Меньше часа, и я уже забыл, что такое городской шум, транспортные пробки и наше научно-исследовательское учреждение. Знакомой тропкой шел к своей девятиэтажке. И вдруг к ногам подкатил футбольный мяч, живым существом крутнулся вокруг оси и остановился, подставив на обозрение ободранные, с травяной прозеленью шестиугольники.

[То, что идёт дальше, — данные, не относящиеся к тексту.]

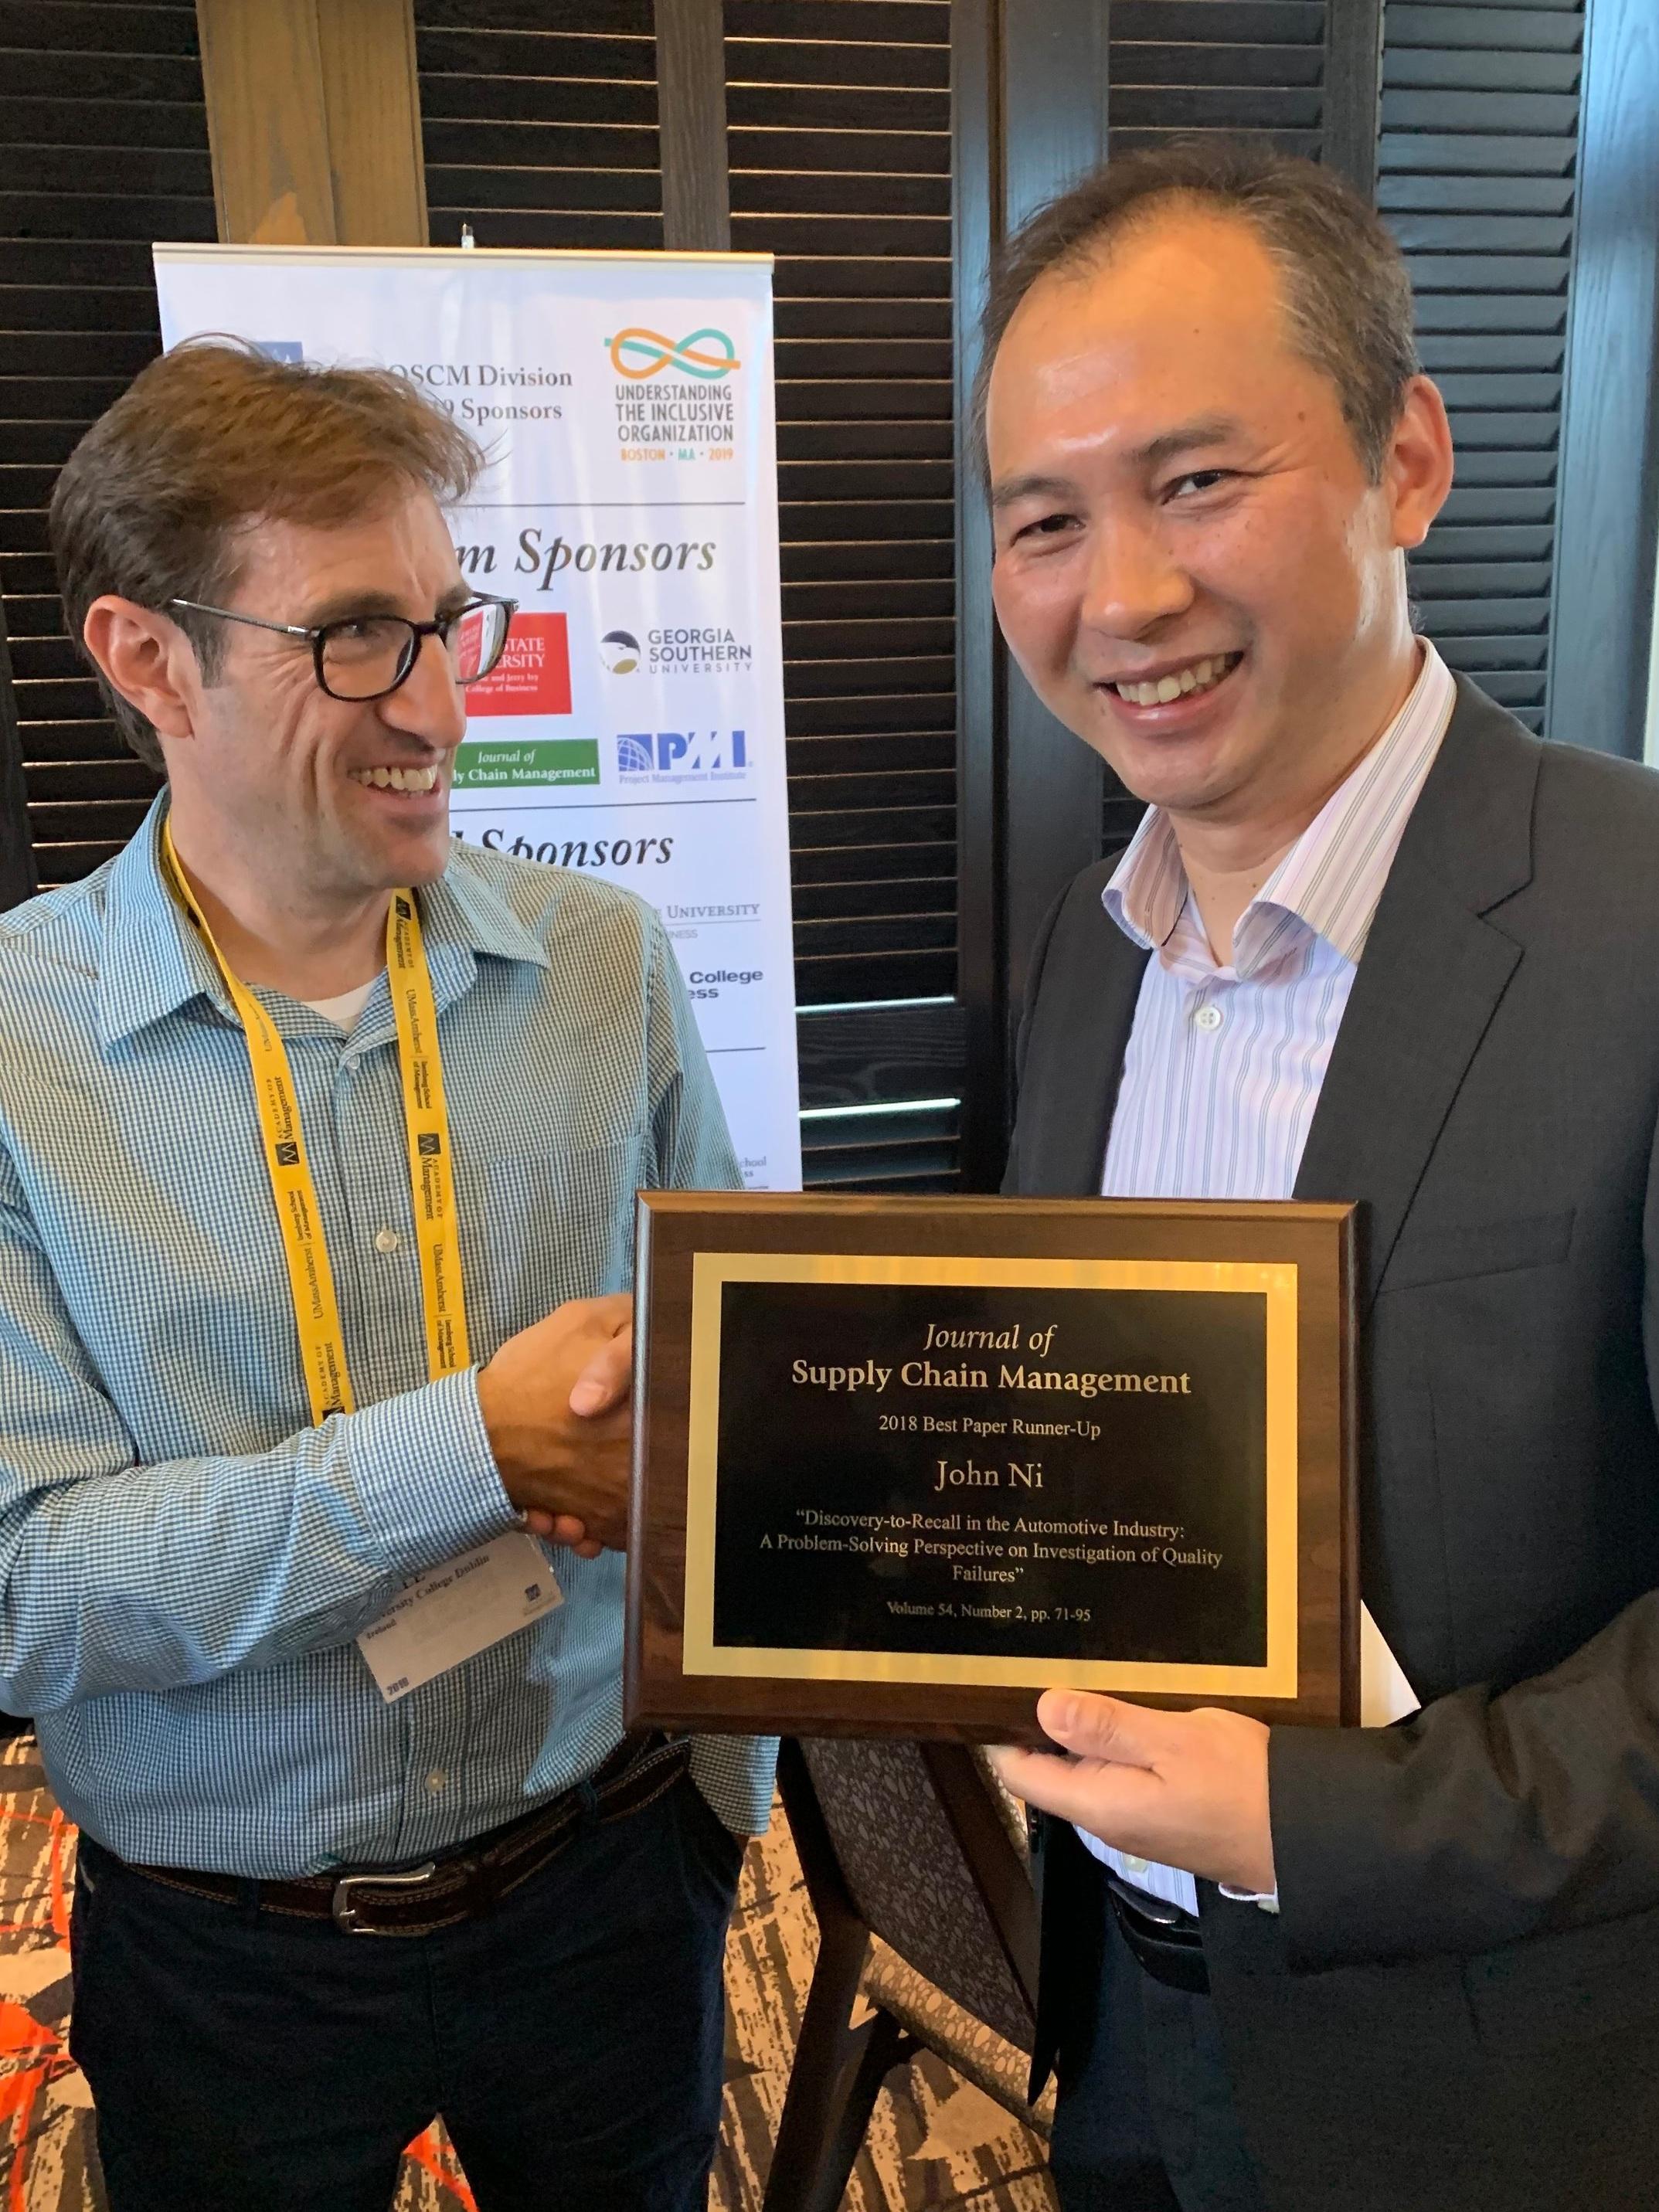 John Ni accepting his honourable mention award for his paper

– Дя-адь, дай пас! – услышал крик распалившегося парнишки, который понравился мне с первого же взгляда: его глаза, сверкавшие от куража, прикрывала назойливая челка. Явный лидер команды, нетерпеливый, он машинально пытался сдуть ее на место. Стоял он метрах в тридцати, ближе всех ко мне, машинально заправляя выбившуюся из трусов майку с эмблемой общества «Спартак». Его футбольная ватага замерла за спиной, наблюдая, как я справлюсь с просьбой.

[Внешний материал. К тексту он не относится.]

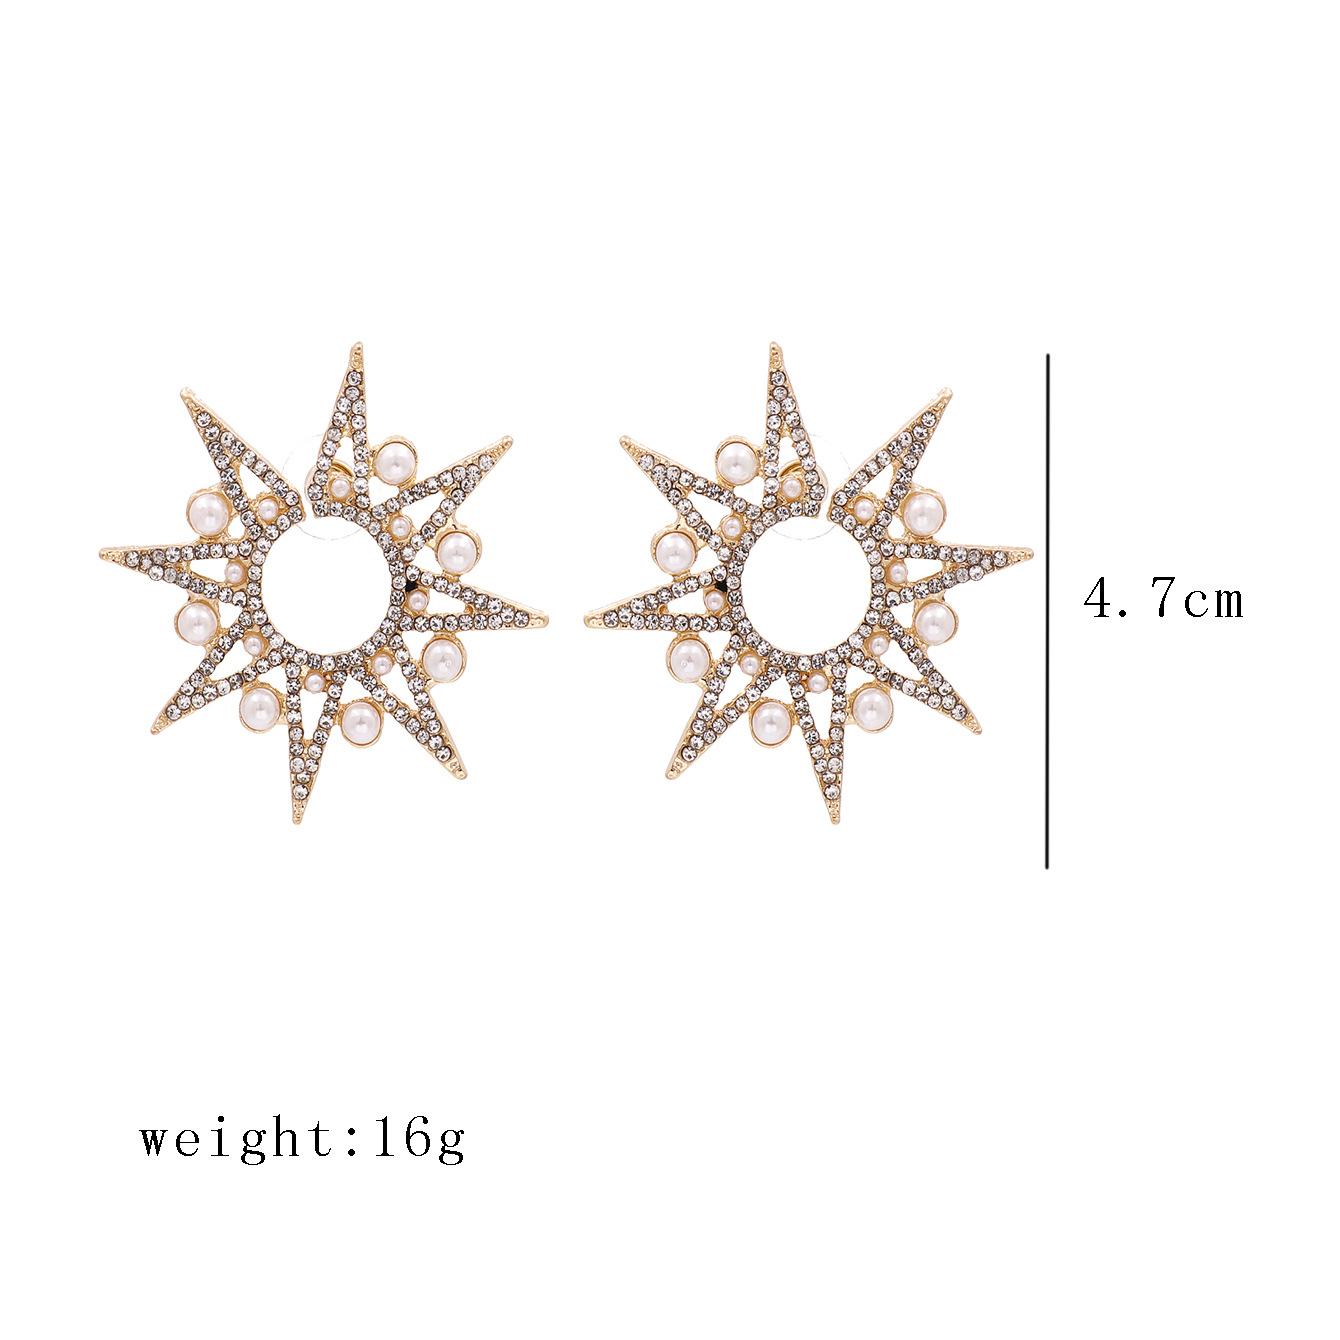 new rhinestone stars snowflake pearl earrings exaggerated large earrings wholesale nihaojewelry NHJJ227658

Не знаю, что и произошло, но во мне проснулся инстинкт футболиста, а главное – желание показать, что в футбольном деле не лыком шит. Легким накатом поддел мяч на подъем правой стопы, пока он за доли секунды отрывался от земли, сделал отмашку и сильным ударом послал его обладателю спартаковской футболки. Пока мяч описывал крутую дугу, я с любопытством наблюдал, как неожиданный партнер примет нелегкую подачу.
Никакой растерянности не обнаружилось. Парнишка, вытянув перед собой руки, принял мяч на грудь, расслабив корпус, погасил силу падения, перевел его на колено, с колена – на подъем правой ноги, слегка подкинул перед собой и резким ударом ввел в игру. Виртуоз и только! Некоторое время я следил за тем, как парнишка владеет мячом. Наука эта давалась ему легко, потому что во всех направлениях, в самых горячих местах мелькала его белая, словно облитая сметаной, вихрастая голова. Не без зависти оценивал экипировку: команда, где заправлял мой незнакомец, была в полной футбольной форме, и почти каждый был обут в кроссовки фирмы «Адидас», да и другая выглядела не хуже.
Да-а-а! Разве так выходили когда-то играть в футбол мои ровесники? И обувались, и одевались кто во что горазд. И мяча-то путного не было. Купить его было невозможно, потому что ни копейки лишних денег не было. Самый лучший, пошитый из кирзы, с кислиновым ремешком-шнурком, берегли для особых игр, а в будни гоняли самодельный тряпичный мяч. Наша ли была вина, что жили в послевоенное время? И нужно ли смеяться, если мы, хуторские мальчишки, мало разбирались в правилах игры? Но и у нас футбольный азарт был хоть куда.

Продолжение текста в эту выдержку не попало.